Currency Trading - Basics

in #currency9 years ago (edited)

The currency trade offers excellent opportunities for private and institutional traders and investors. The reason for this is that there are a large number of tradable pairs of currencies in the currency trade, which usually have sufficient volatility (price fluctuations). The currencies have sufficient liquidity and the transaction costs are low. In this article, I describe some important fundamentals for currency trading.

Currency Trading - Forex or Futures?

For traders and active investors, the question asks which instruments are to be used in the currency trade. It is recommended:

  • Currency futures
  • Forex trading
  • Currency options
  • CFDs on currencies
  • Certificates in currencies
  • Warrants on currencies

I am not a friend of derivative financial products that are not traded on a regulated exchange. That's why only exchange futures (foreign currency futures contracts) and foreign exchange options are possible for me. Both instruments are traded on regulated exchanges in the USA.


Certificates, warrants and CFDs on currencies have the major disadvantage that the pricing is not effected via a central exchange place. Rather, it is the chosen Forex broker or the bank who usually occupy the other side of the trades. Basically, one is acting against the broker or the bank, whereby the price is not transparent. In addition, there are relatively high transaction costs in the form of higher spreads. In very fast markets there is even the risk that no market is made by the broker or the bank at all and that you can not close your positions very slowly or very slowly.

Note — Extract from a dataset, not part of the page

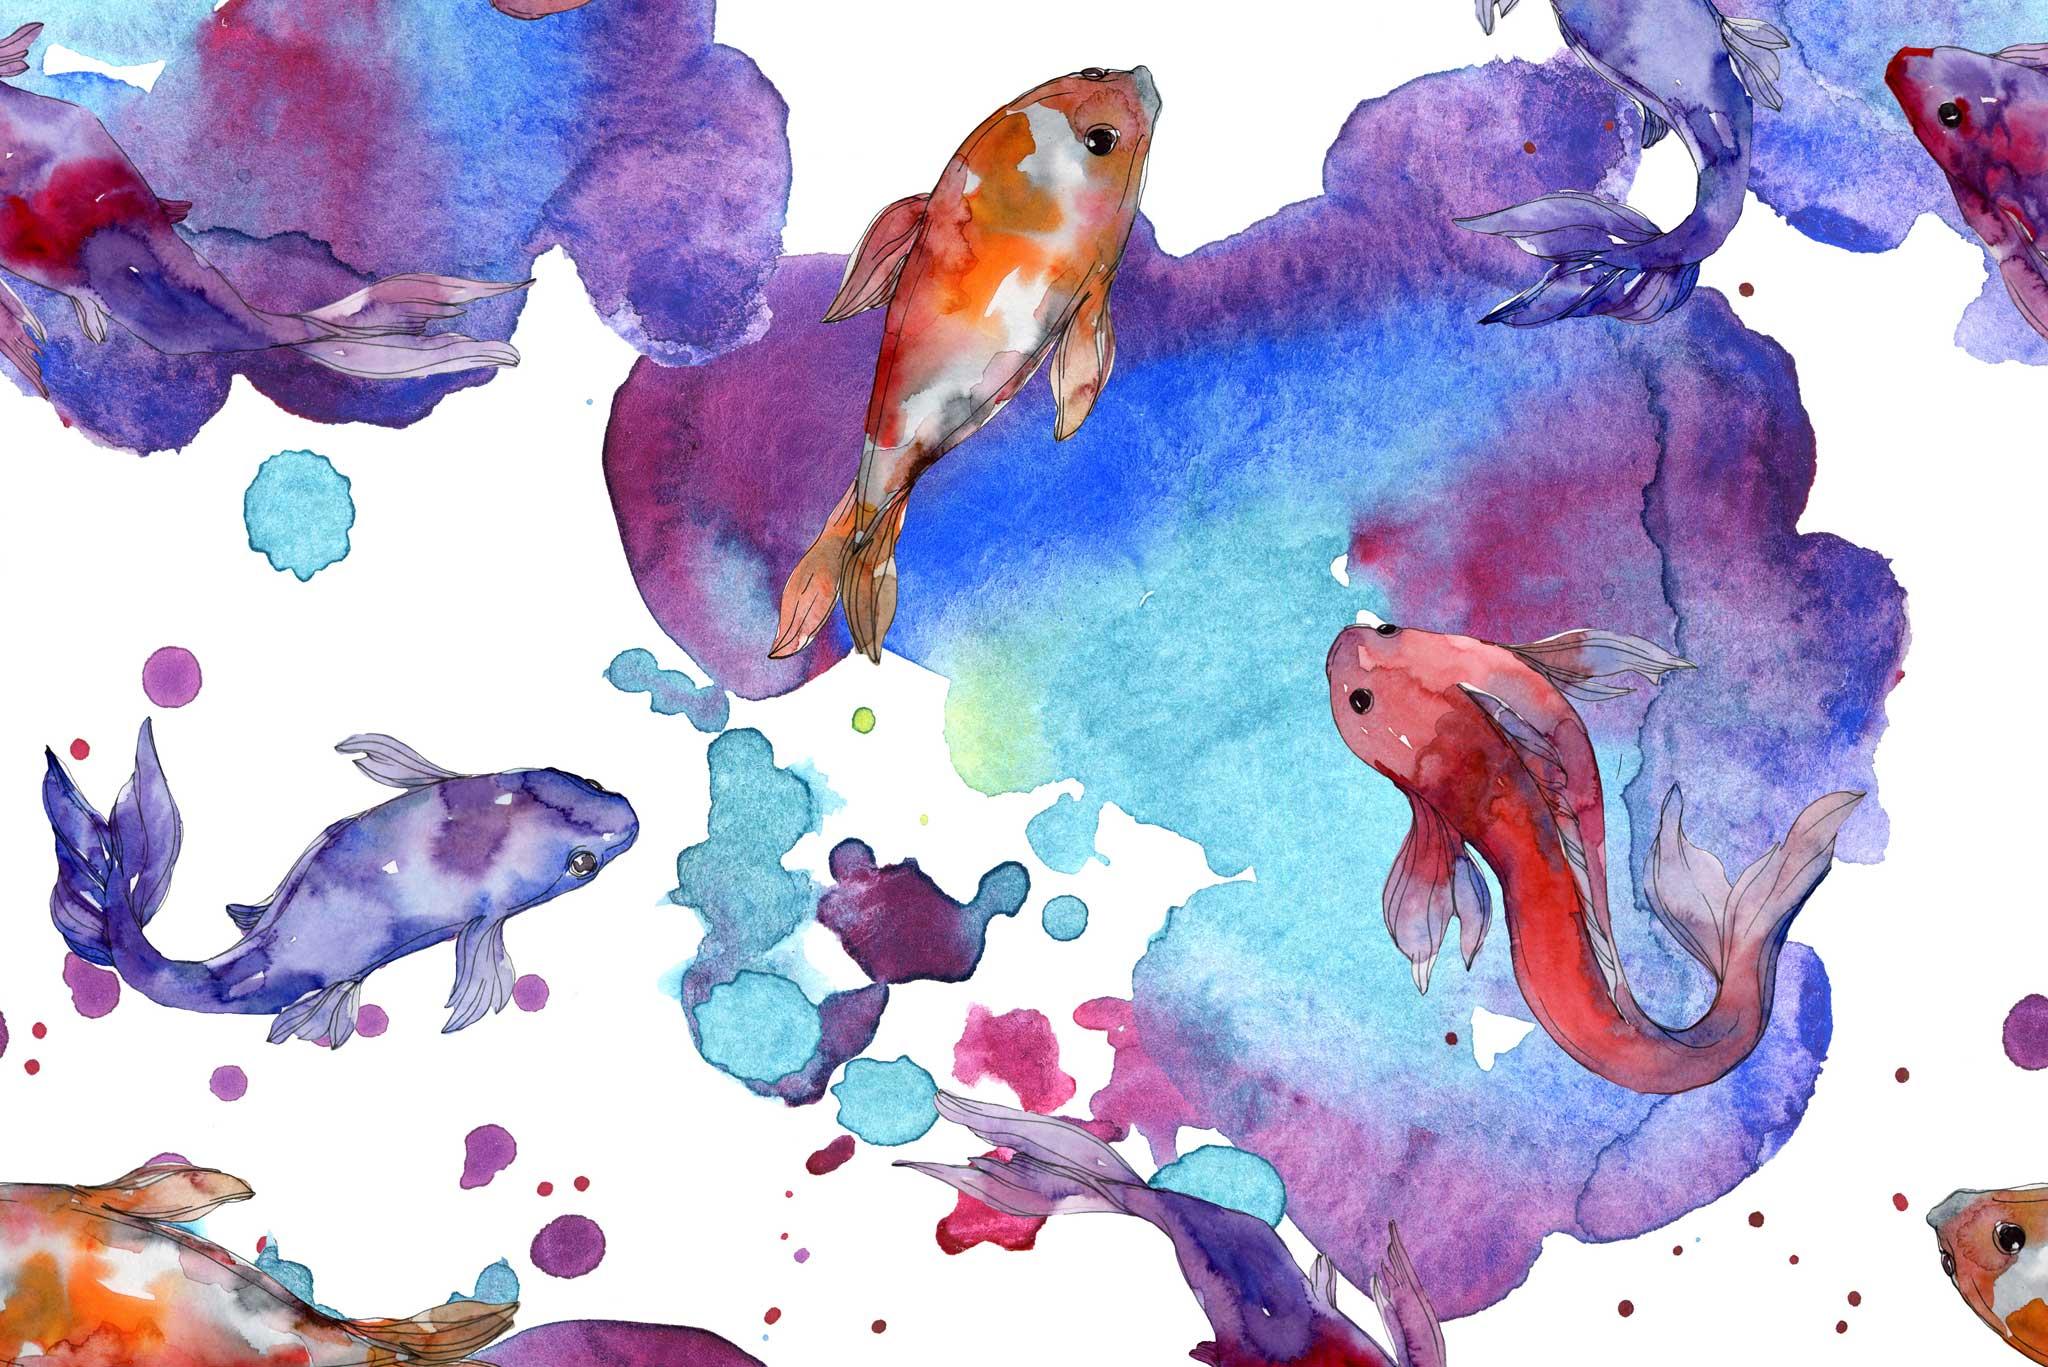 tapet-fototapet-design-decor-mural-customizabil-comanda-personalizat-bucuresti-daring-prints-motiv-model-pesti-koi-desen-acuarela-oranj-mov-albastru-fundal-alb

Currency trading on the so-called Forex (Foreign Exchange) does not take place on a regulated exchange. There is no forex exchange. Trade is decentralized. The trader or investor is also acting here against his Forex broker. There are, therefore, the same disadvantages as in trading with CFDs, certificates and warrants. The only known and tried-and-tested exception is currency trading (Forex trading) through the interbank trading of Interactive Brokers. But even here, as a trader or investor, there is no way to let their interests be perceived through a neutral arbitration, if problems arise with orders. Another question is the security of deposited trading capital, the chosen Forex broker should go bankrupt.

This means that only the futures contracts traded on the CME (Chicago Mercantile Exchange) remain on the most important currency pairs, which also have acceptable sales:

  • EUR / USD
  • GBP / USD
  • JPY / USD
  • CHF / USD
  • CAD / USD
  • AUD / USD
  • NZD / USD
  • MXN / USD

Conclusion: The currency trade is interchangeable, because there are some advantages (about 50 tradable currency pairs, freely definable position size). The transaction costs and spread are low. The liquidity is always sufficient for the private trader in any case. If you have larger positions and you do not want to surrender to a Forex broker, you should trade the currency on the Forex Futures. The disadvantages are: Only eight tradable foreign currency contracts, no infinitely variable adjustment of the position size is possible.